曾全維被李知涯盯得渾身不自在,後頸的汗毛都豎起來了。
遂扭了扭脖子,幹咳一聲:“兄弟……看啥呢?我臉上有花?”
“老曾,”李知涯終于開口,聲音壓得很低,确保隻有車廂内四人能聽見,“咱不能真成了強盜——起碼,名義上不能是。”

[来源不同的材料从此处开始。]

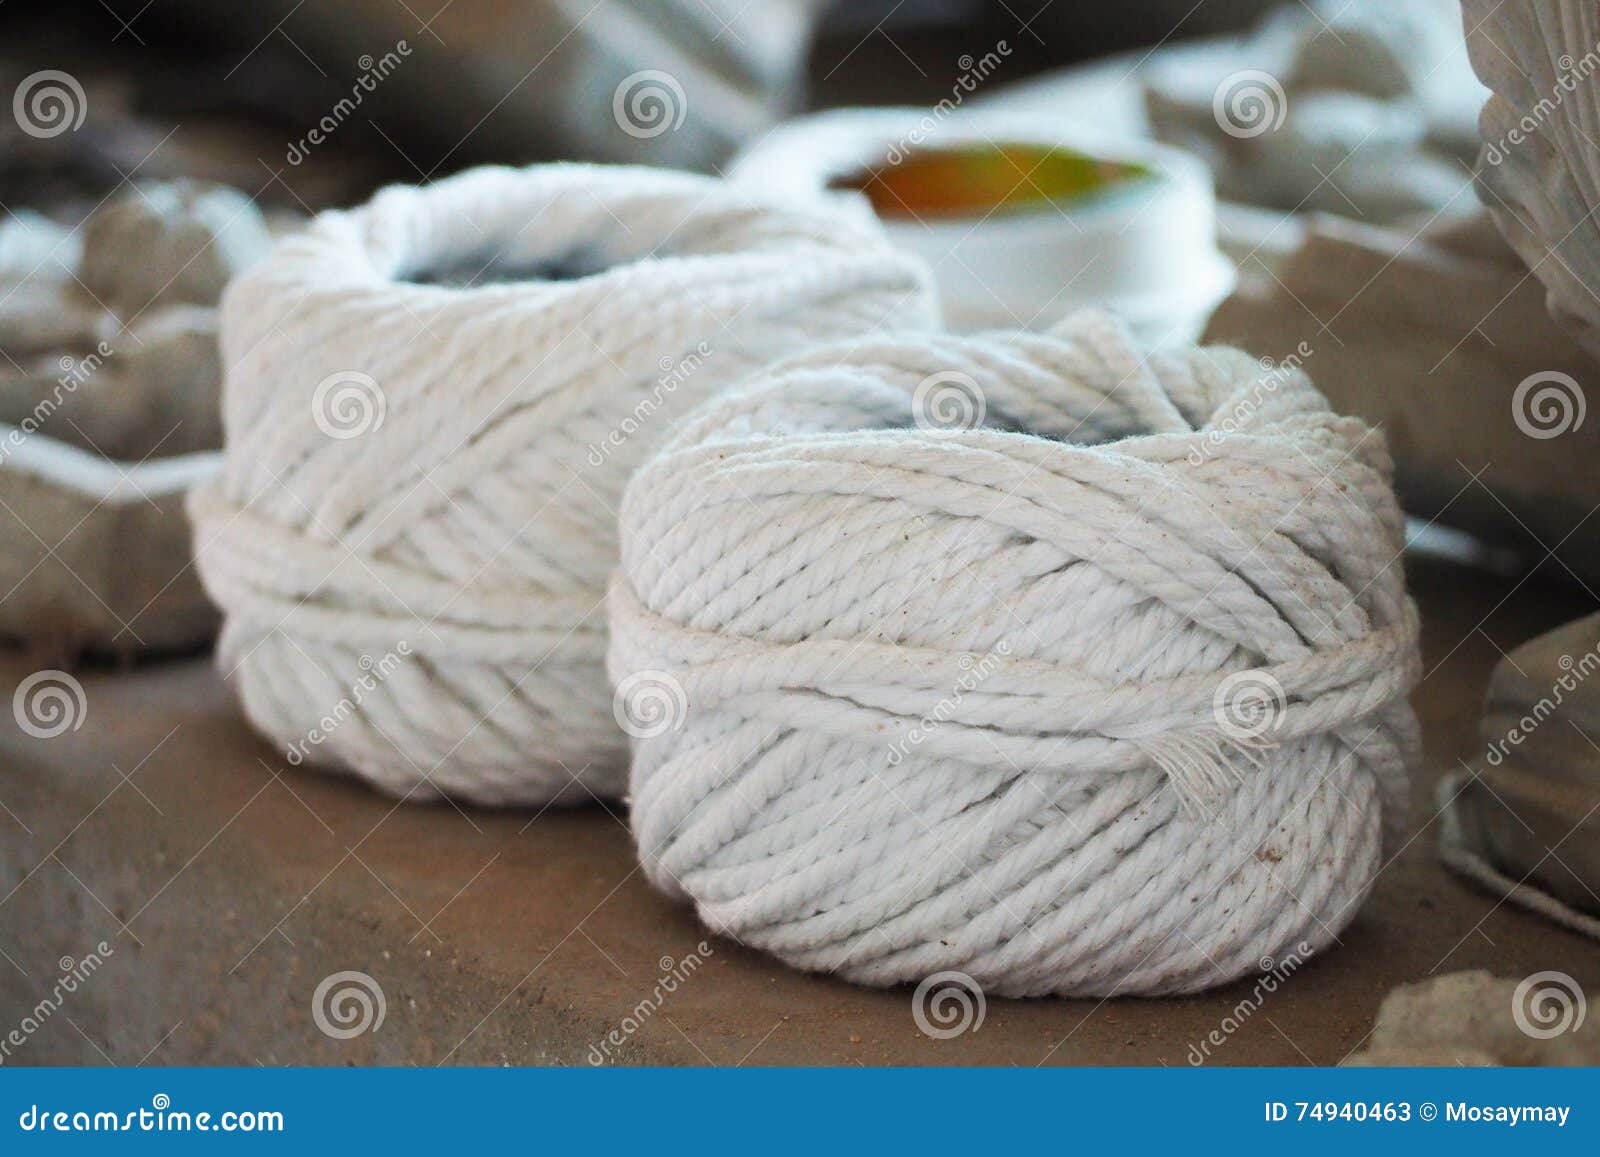 https://thumbs.dreamstime.com/z/white-cotton-rope-crafts-accessories-74940463.jpg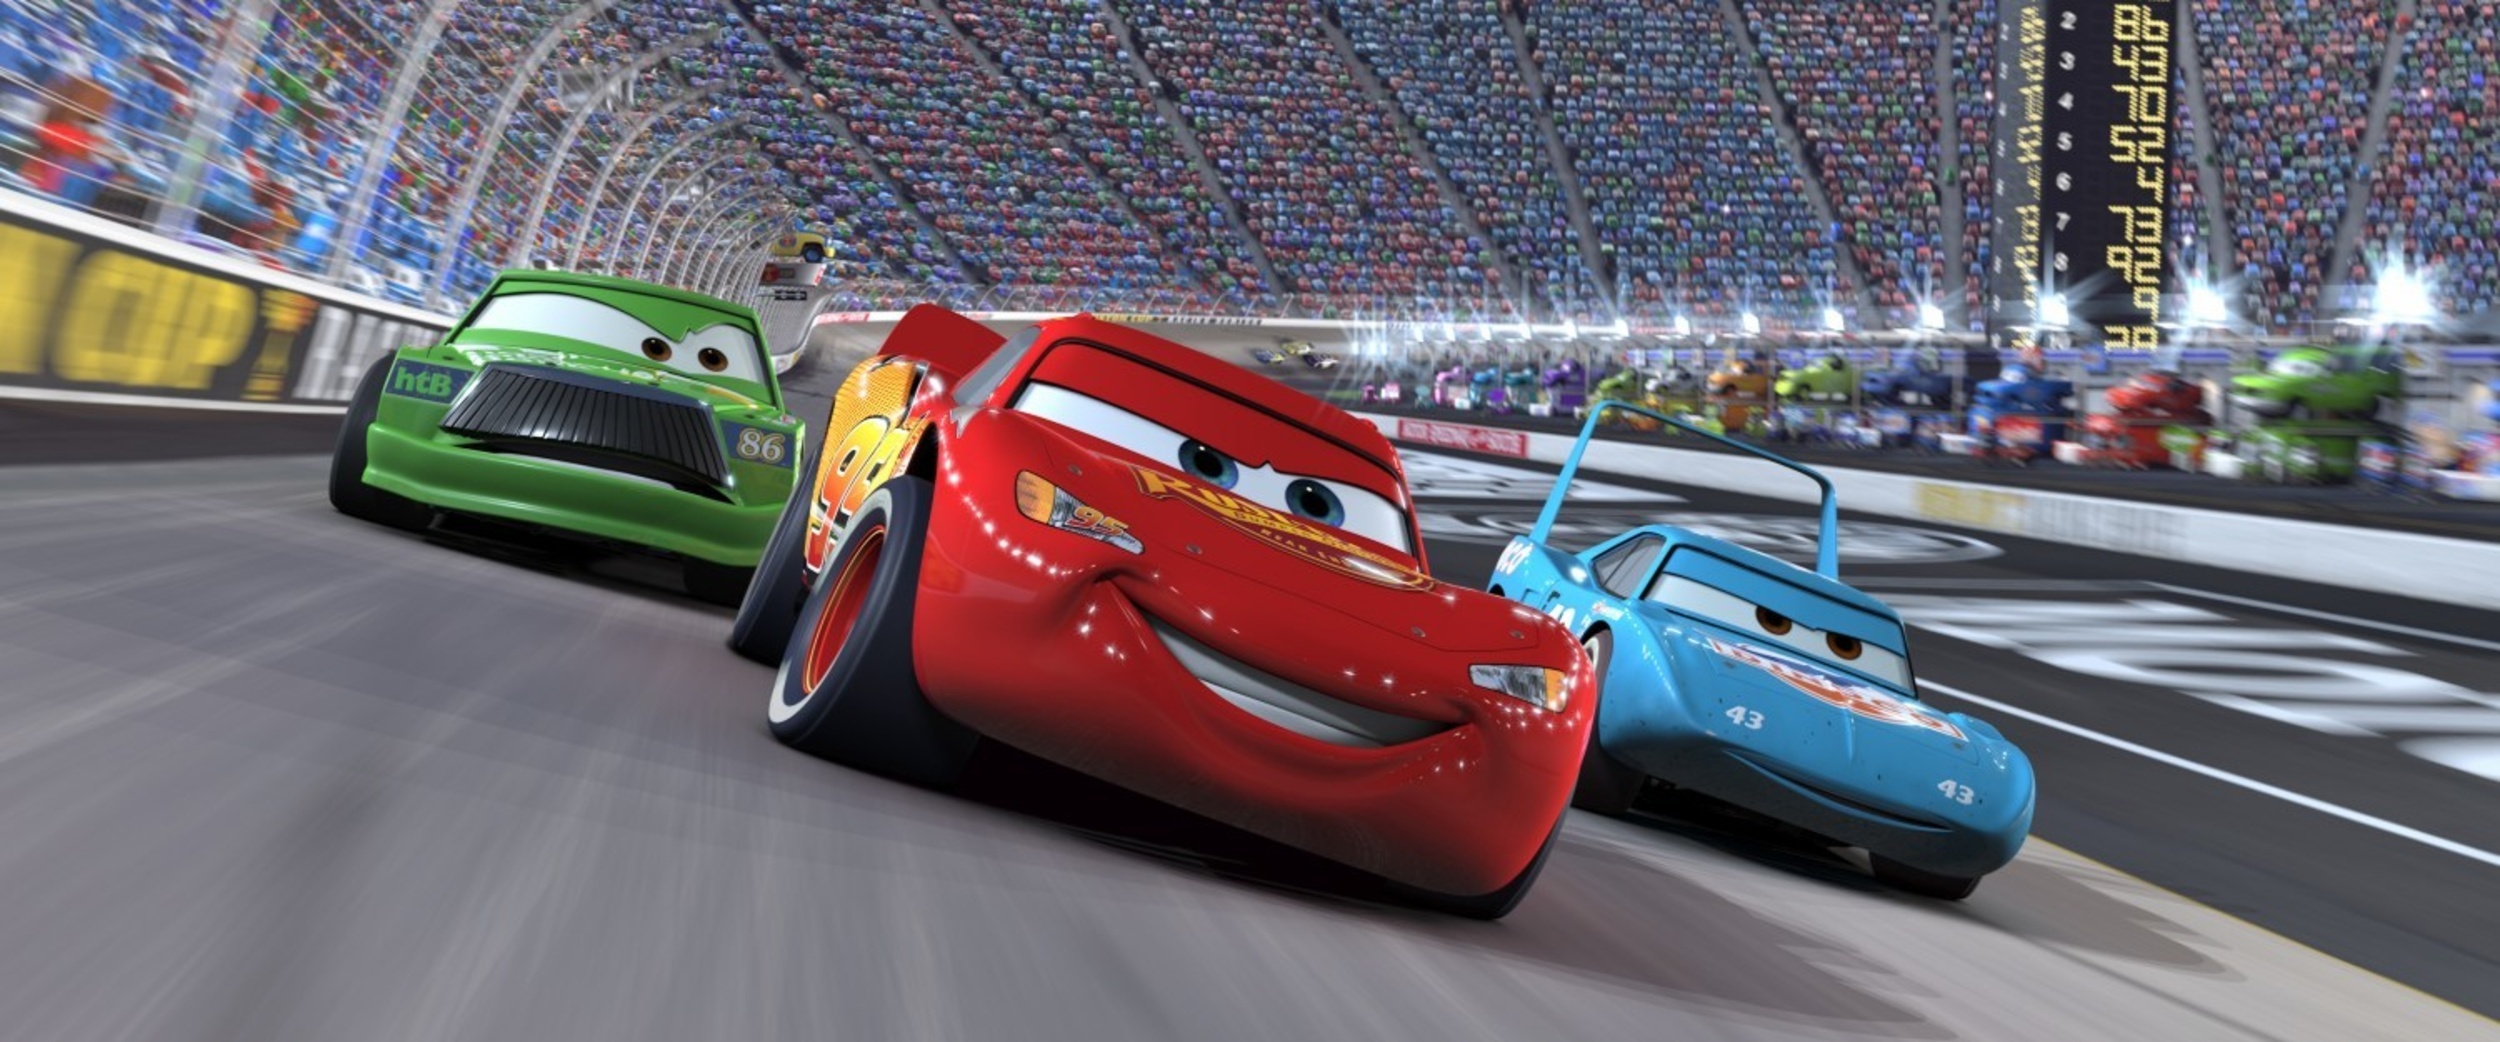 <p><span><em>Fast & Furious</em> showcased a need for speed in cinema in 2001, and a handful of years later, Disney decided to take that idea and spin it into the world of <em>Cars</em>, led by none other than Lightning McQueen.</span></p><p><a href='https://www.msn.com/en-us/community/channel/vid-cj9pqbr0vn9in2b6ddcd8sfgpfq6x6utp44fssrv6mc2gtybw0us'>Follow us on MSN to see more of our exclusive entertainment content.</a></p>

他頓了頓,眼神更深,“你在鎮撫司待過,還在西北邊軍打過仗……一定清楚,朝廷的軍隊,征用民間物資的時候,得用啥……文書吧?”
曾全維渾濁的老眼猛地一睜,恍然大悟!
原來李知涯這半天死盯着他,是在琢磨這個!
他腦子飛快地轉起來,那些塵封的、屬于另一個身份的記憶碎片迅速拼湊。
“文書……對!文書!”曾全維的聲音也壓低了,帶着一種重回“體制内”的肅然,“軍隊征調地方物資,主要靠兩種:勘合和劄付!”
李知涯眼神一亮:“仔細說!”
“勘合,是憑證!”
曾全維伸出兩根手指比劃——
“通常分兩半,像虎符!
一半由征調的軍隊拿着,另一半在地方官府手裏。
軍隊要征東西,得出示自己那一半勘合。
地方官府拿存根出來對,嚴絲合縫了,才算合法!
地方才會配合調撥糧草、車馬、民夫……甚至……”
他意味深長地看了李知涯一眼,“倉庫鑰匙。”
“那劄付呢?”常甯子也湊過來,壓低聲音問。
“劄付是命令!”
曾全維解釋道:“通常是上級衙門——
比如兵部、都督府,或者督撫大員——
發給下級的正式公文。
上面會寫明具體征調什麽、征調多少、在哪裏交、什麽時候交!
這就是行動的依據!”
李知涯的手指在膝蓋上輕輕敲打着,眼中算計的光芒越來越亮:“明白了……咱要向‘地方’征饷,走的是勘合的路子。
老曾,這勘合公文……具體該怎麽寫?
格式、内容、印章……你門兒清吧?”
曾全維看着李知涯眼中那熟悉的、屬于亡命徒的瘋狂與屬于“把總”的算計交織的光芒,徹底明白了。
他指着李知涯,臉上終于露出一絲會心的、帶着點苦澀又有點興奮的笑容:“兄弟……你是想……給咱這趟‘買賣’,披上一身官皮?”
“不披官皮,怎麽‘征調’佘山倉庫裏的‘物資’?”李知涯反問,嘴角那抹弧度帶着冰冷的戲谑,“名不正,則言不順嘛!”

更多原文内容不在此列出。